Le profilage est réalisé tant par les plateformes numériques telles qu'Amazon, Uber, Google, que par les réseaux sociaux comme Twitter ou Instagram.

Prenons l'exemple de Facebook. Le célèbre réseau collecte tout d'abord les données de ses utilisateurs : ses centres d'intérêts, orientations politiques, sexuelles, religieuses mais également sa géolocalisation, ses habitudes de consommation.

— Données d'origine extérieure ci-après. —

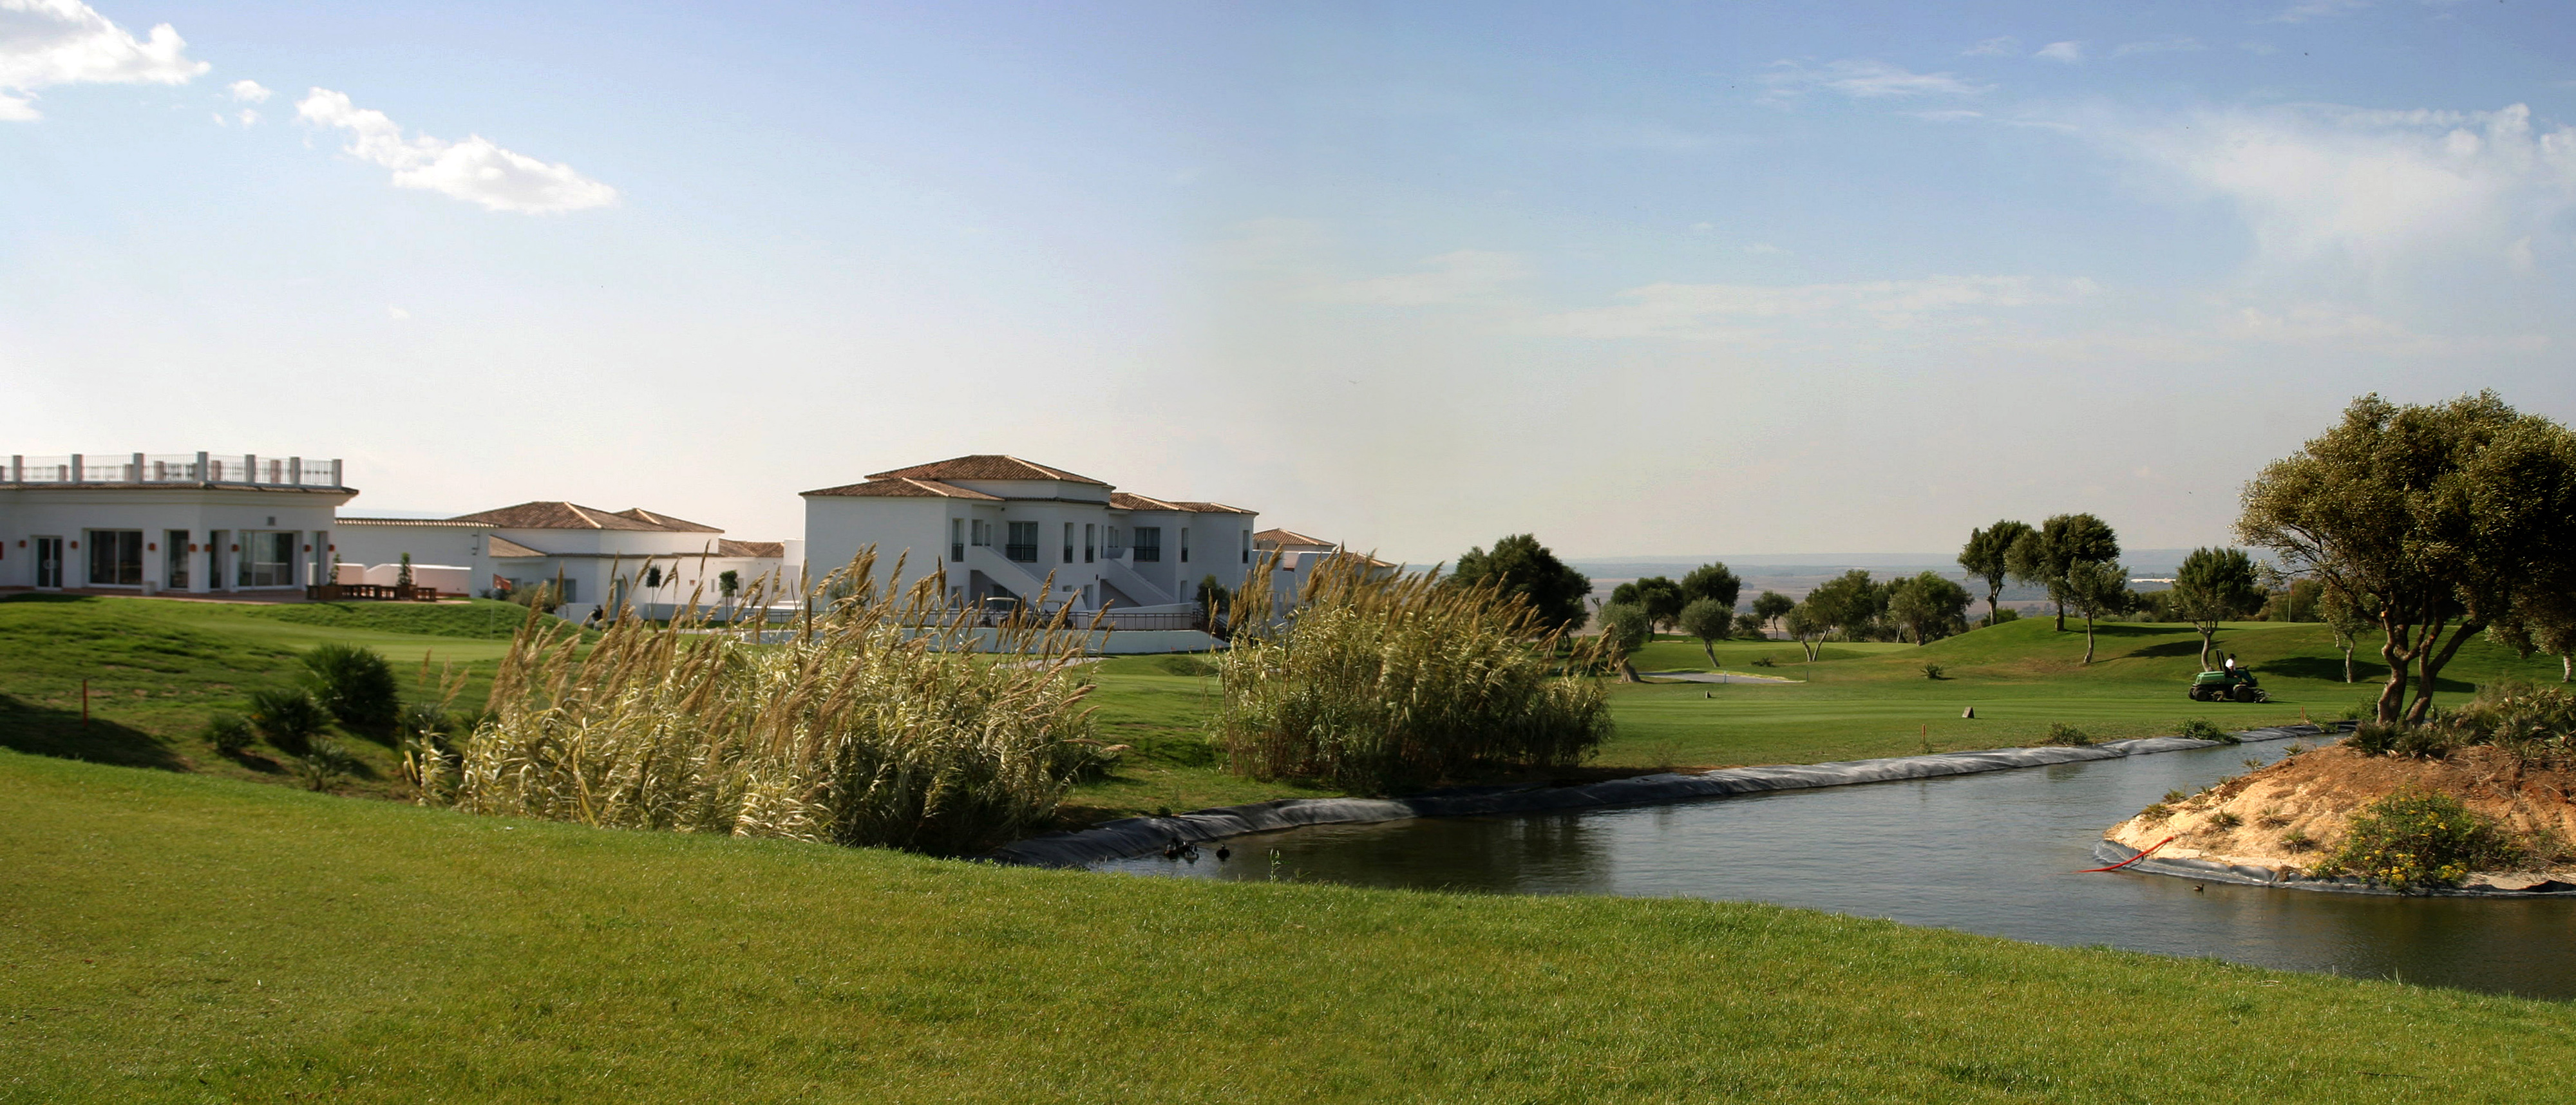 EXCLUSIVE! Check out this cracking golf package deal with Golf Escapes

Il est en capacité de retracer la vie quotidienne d'une personne, sans même qu'elle puisse le contrôler efficacement.

 

En février 2020, le géant a annoncé qu’il rachetait la startup britannique Scape Technologies qui propose une technologie permettant de se défaire des méthodes traditionnelles de géolocalisation, c’est-à-dire à l’aide du GPS. La technologie développée consiste à exploiter l’intelligence artificielle de reconnaissance visuelle, associée aux caméras des smartphones ou tablettes, sur lesquelles seront activés les comptes du réseau social. Ce dernier pourra analyser les références précises de son environnement, comme les monuments, ou autres indices géographiques. Puis, à l’aide d’un système de cartographie qui transforme les photos et vidéos en imagerie 3D, Facebook pourrait retrouver la localisation de l’individu.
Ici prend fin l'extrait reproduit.